И не станешь ли ты, кифаред, тропинкой, по которой кинутся за безвременно утраченными любимыми остальные, не придется ли мне из-за тебя просить Цербера ломать им шеи на входе, этим остальным? Живым не место на этой переправе, и пока они понимали это, их здесь не было. Не случится ли так, что ты установишь новую моду на паломничество к моему трону?
Не случится.
Молодой человек ударил по струнам кифары, запел – и я понял, что толп героев ко входу у Тэнара ждать не следует. Они не пойдут за своими возлюбленными, о какой бы любви ни кричали – потому что им будет далеко до любви, которая стояла передо мной во плоти, растекалась песней по моему тронному залу, заставила опустить меч Таната и прослезиться – Эриний…
Клянусь отсутствующим дном Коцита – я сам не знал, что они могут выделять какую-либо влагу, кроме пены злорадного бешенства на губах.
В глаза ударило солнечным полднем, и я невольно поморщился, забыв, что между этим залом и Гелиосом с его колесницей лежат толщи камней и ставшая родной тьма под сводами. Это плакала кифара и шел за ней голос певца: юная нимфа собирала цветы на весенней поляне, пританцовывала, и ее заливистый смех звенел над травой, над цветами, над танцем подруг…
…она танцевала, и медь волос плескала по ветру, и казалось: это новый цветок, порожденный Геей специально для того, чтобы зачаровывать, и я, онемев, смотрел из тени деревьев…
Вскрик боли вплелся в смех: смех прервался, смешался, на миг стал более высоким, потом выровнялся, потому что не было еще понимания… Понимание пришло, когда она опустила взгляд и увидела аспида в траве рядом и кровавые пятнышки на своей ноге. Тогда смех перешел в крик – недолгий крик, призывный – а остальные нимфы сбежались и подняли плач и не сразу догадались позвать Орфея, и вышло так, что они не успели даже проститься…

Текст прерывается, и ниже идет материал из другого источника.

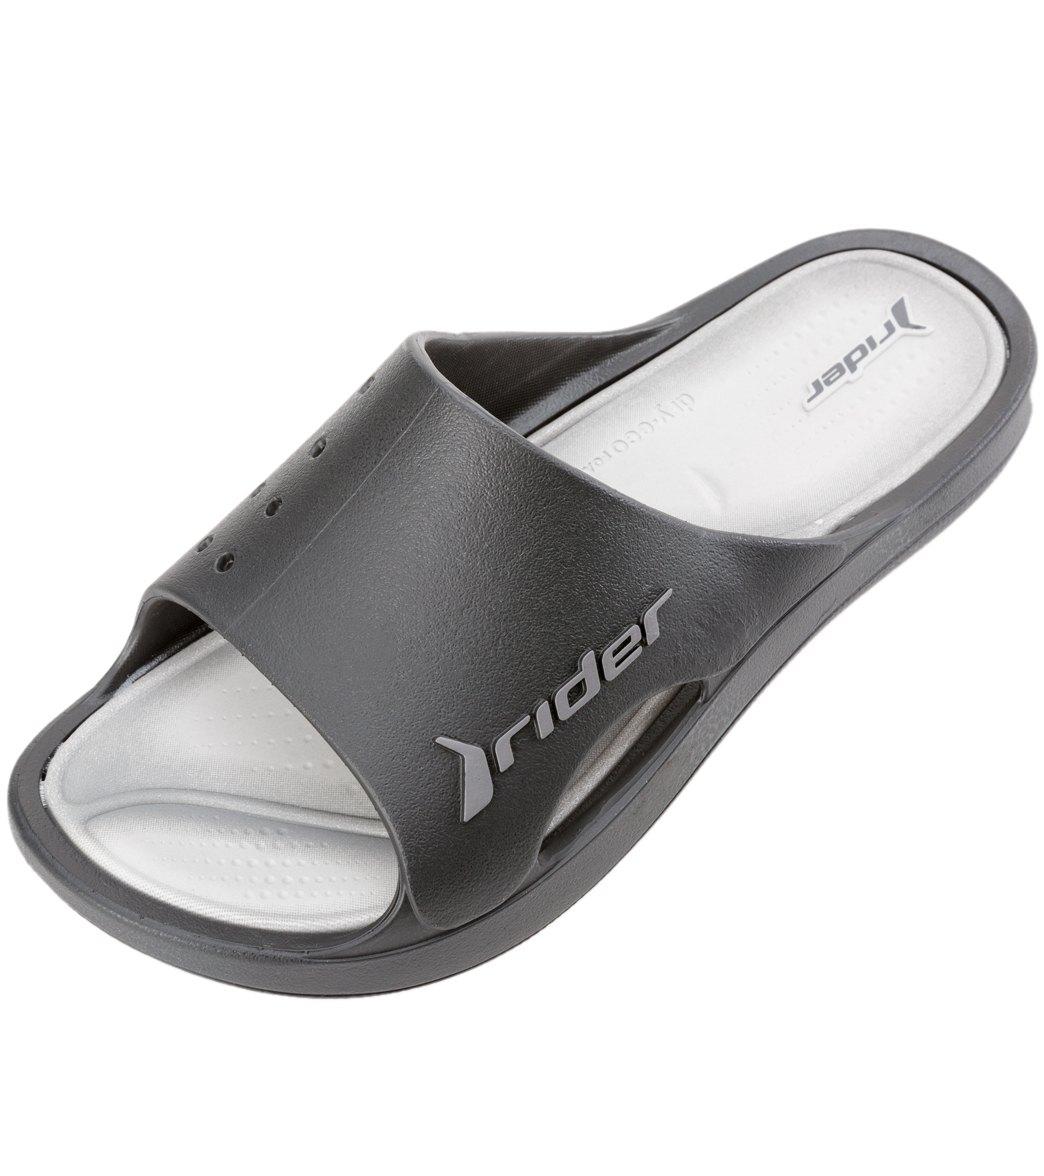 fd29987b3c02 Rider Men s Bay V Slide Sandals at SwimOutlet.com

Я увидел, как нервно дрогнули крылья Таната – оставь, Убийца, ты разве не видел историй хуже? Уйди. Я позволяю тебе не дослушивать и вернуться к своим обязанностям. Хлебни из Леты, пролетая мимо: не нужно, чтобы червоточина этой песни ржавила твой меч и подрезала крылья. Это мойры, ты же знаешь, как это бывает. Лахезис небрежным, усталым жестом вынула жребий Эвридики, Атропос занесла его в список судьбы, в котором каждая строка – дыхание Ананки-Неизбежности. И в нужный момент в руках Клото оборвалась очередная нить жизни, а твой меч был просто продолжением ее ножниц, ты знаешь это лучше меня.
Танат молча растворился во тьме, таящейся в углах и огораживающей наши с Персефоной троны. Решил дослушать в одиночестве, а может, сумел разорвать сладкую петлю орфеевой песни, она хватала за горло и душила лучше, чем пение сирен, она проникала в каждую трещину души, она своей жизнью и горечью пропитывала здешние камни…

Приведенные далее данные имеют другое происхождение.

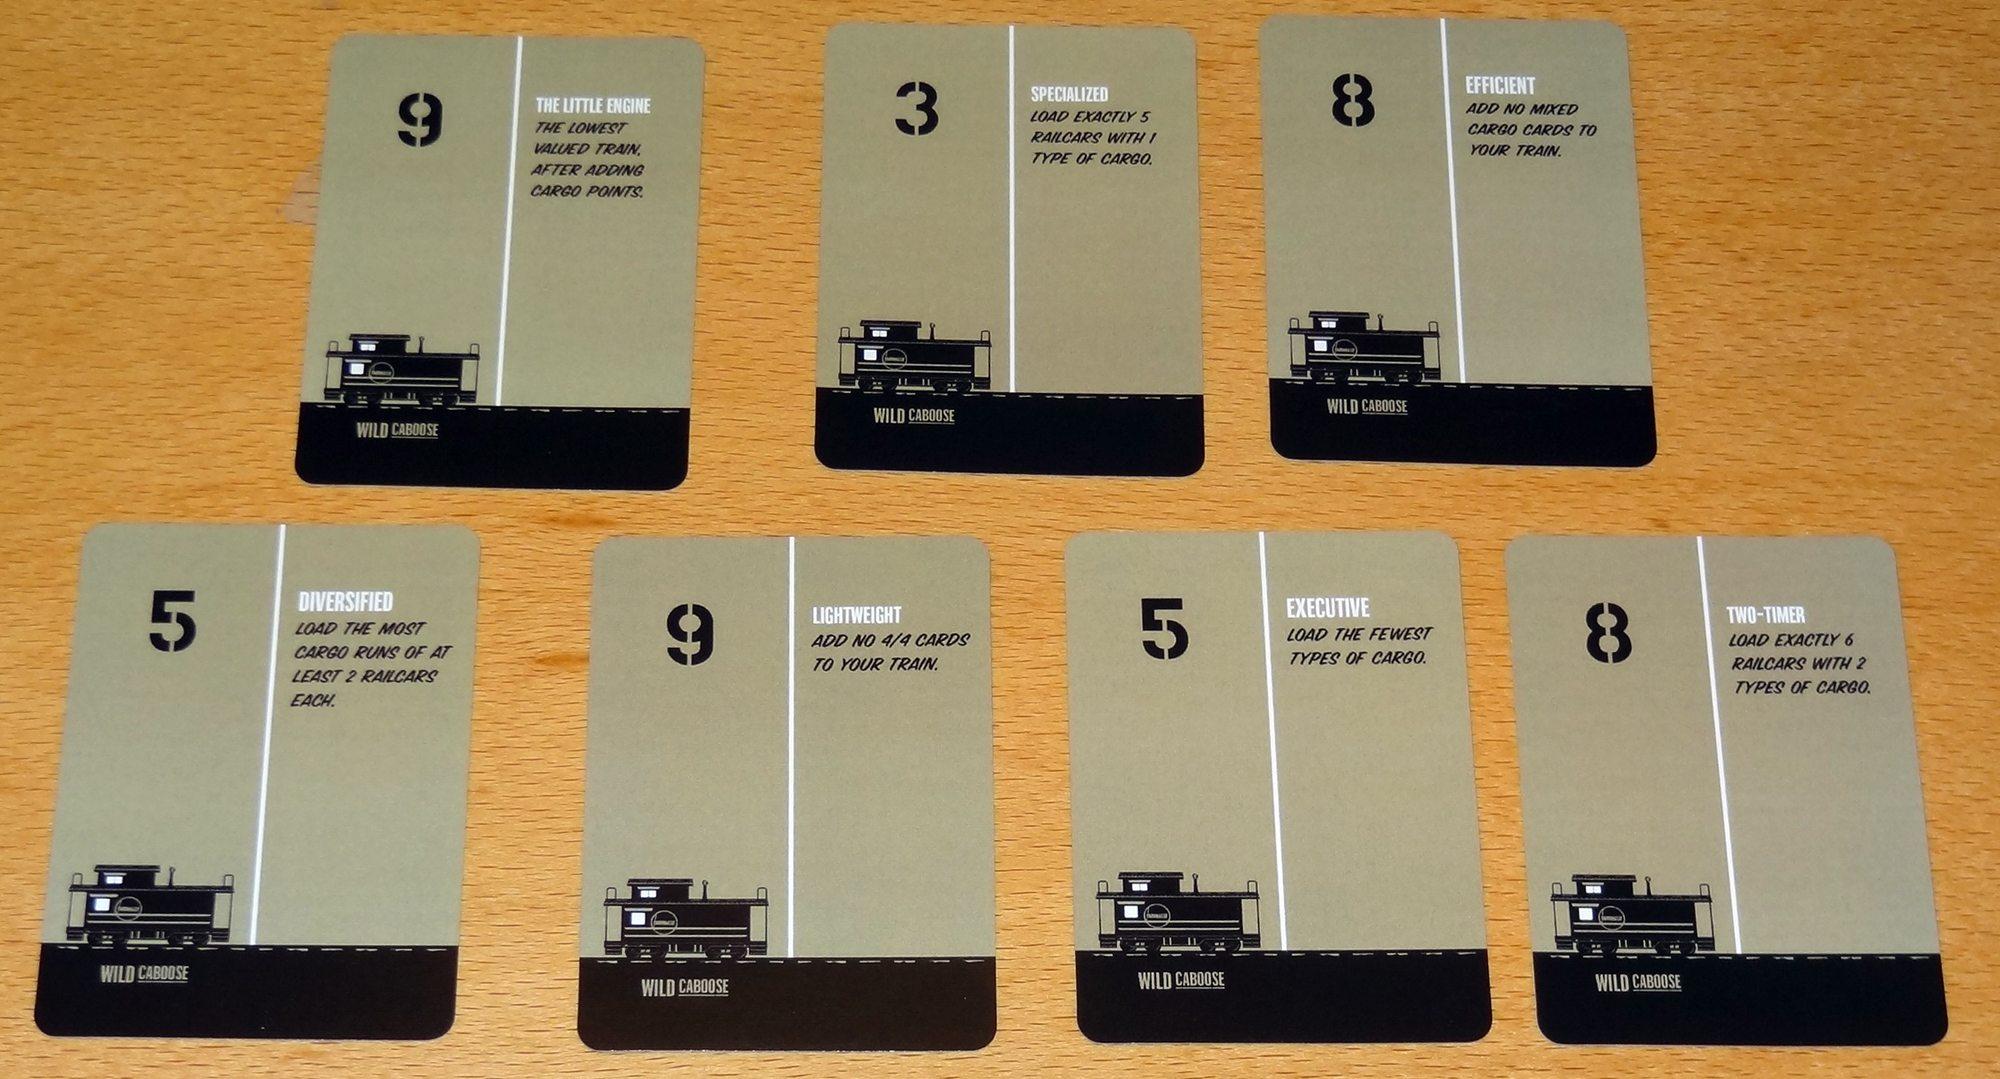 Yardmaster Express Caboose cards

И мой мир слышал ее через меня.
Я прикрыл глаза – я знал, что Танталу больше не хочется ни пить, ни есть, что Сизиф уселся на камень и внимает, что данаиды застыли со своими сосудами… Муки прекратились во всем аиде, и преступники вздохнули перед великой тайной: есть мучения горшие, – те, которые выливаются на них сейчас в звуках музыки. Кто терзался – почувствовал себя в Элизиуме по сравнению с человеком, стоявшим сейчас у моего престола.
Кифаред, замолчи. Замолчи, пока я не дрогнул: со мной содрогнутся основы моего мира, пропуская на землю Тартар с теми, кто томится там. Я уже осознал глубину твоего горя, что еще?!

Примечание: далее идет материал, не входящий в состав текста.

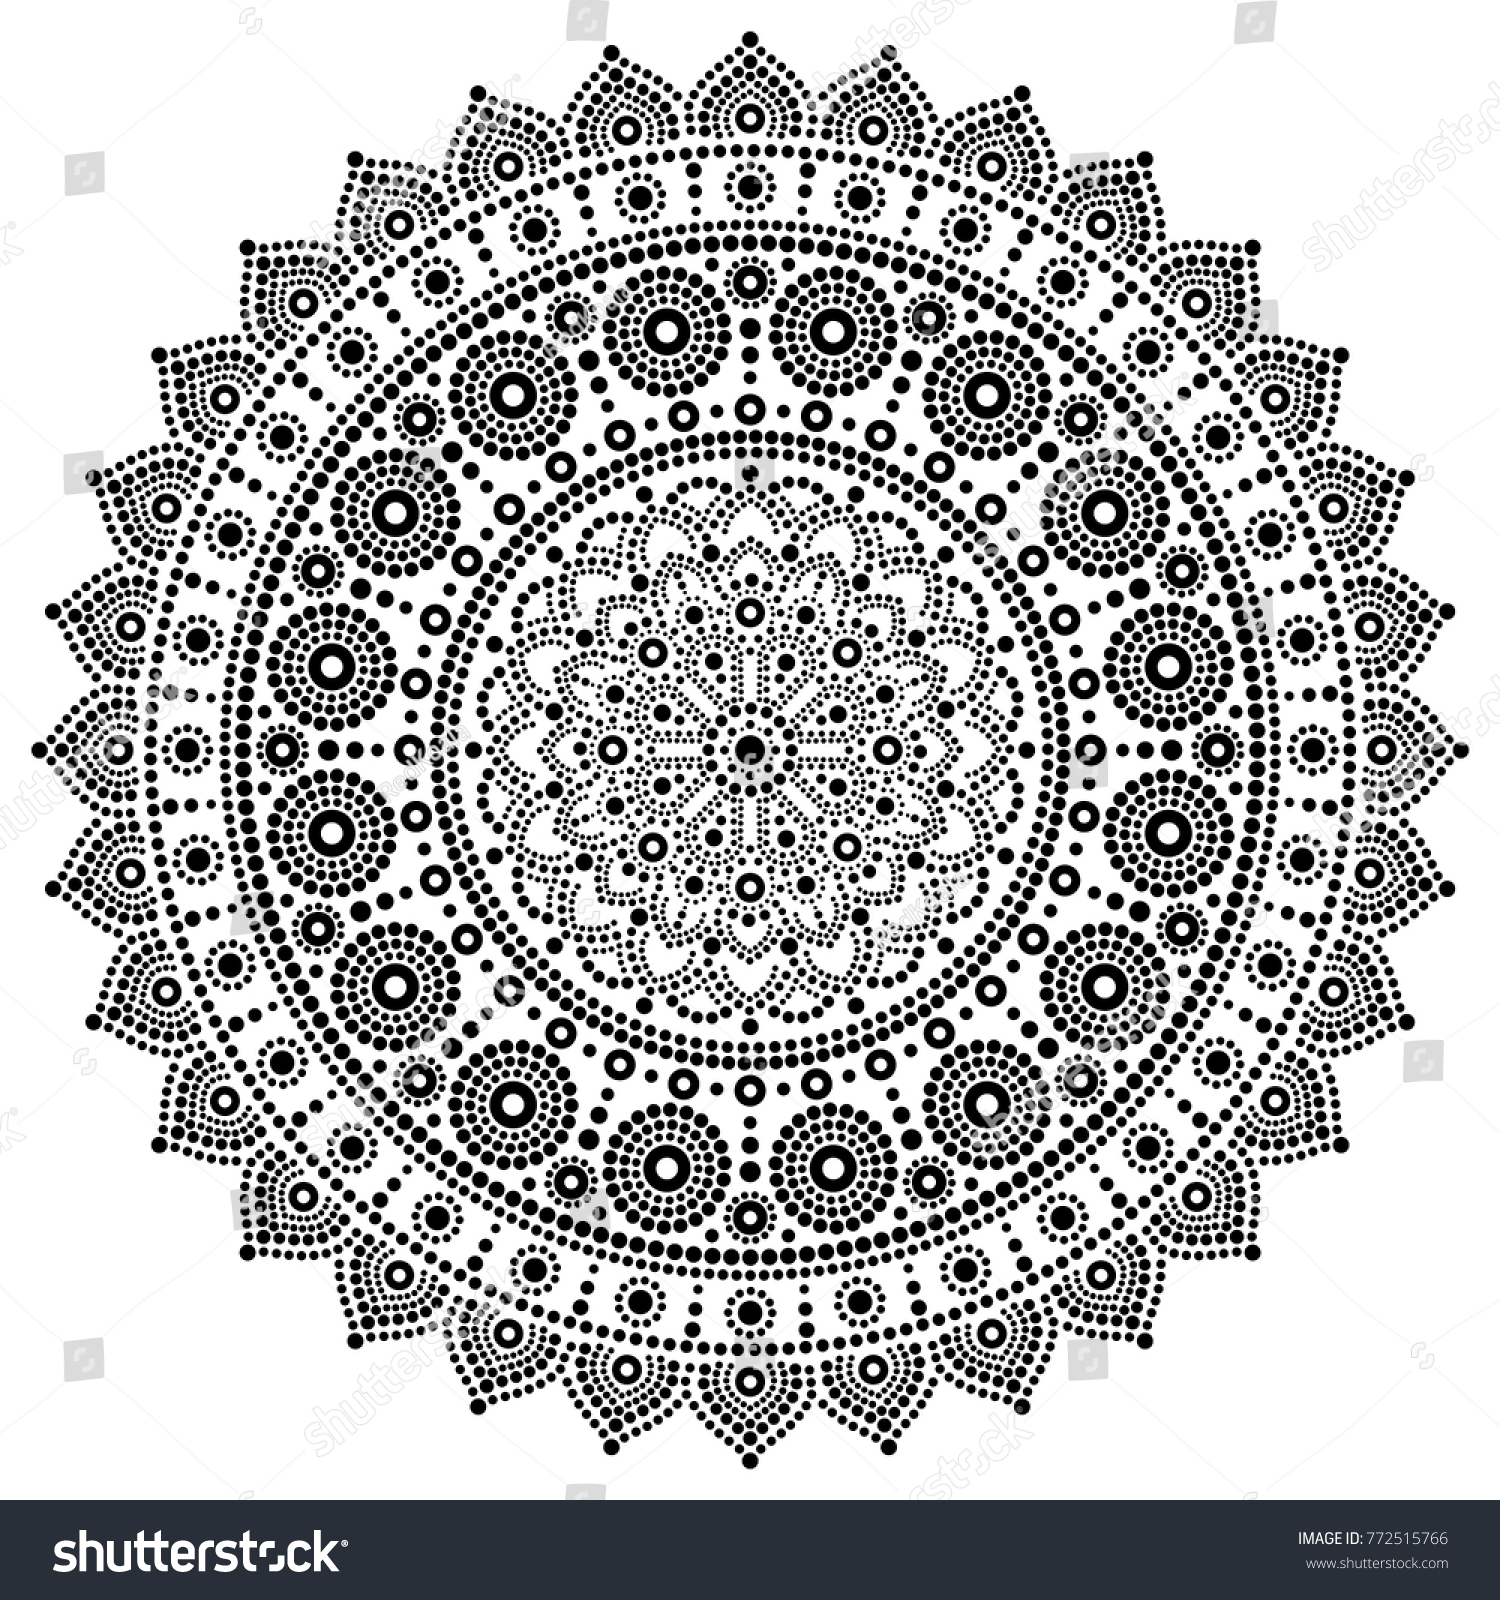 Mandala Vector Monochrome Design Aboriginal Dot Painting Style Australian Folk Art Boho

Не осознал. Кифара вздохнула особенно пронзительно, и новый куплет спросил меня: а если бы и ты? А если бы у тебя отняли? Ее? Навсегда?
Не на восемь месяцев в году – навсегда?!
Она взяла меня за руку. Впервые – так. Склонилась ко мне на грудь, не опасаясь взглядов (чьих? даже Геката в коридоре ревет, утираясь тремя вуалями, наивно думая, что я ее не вижу). Слезы блестели у нее на ресницах, и не разобрать, были ли это слезы тоски по потерянному, или по той любви, которая могла бы быть, или просто глубокое сочувствие делам смертных, которое редко, но посещает богов, особенно богинь.
Подняла подбородок. Впервые я слышал ее.
«Аид, ты ведь сделаешь это?»
А что мне остается, если он не оставил мне выбора? Если он произнес магическое: а если бы ты? Если жена мне не простит отказа?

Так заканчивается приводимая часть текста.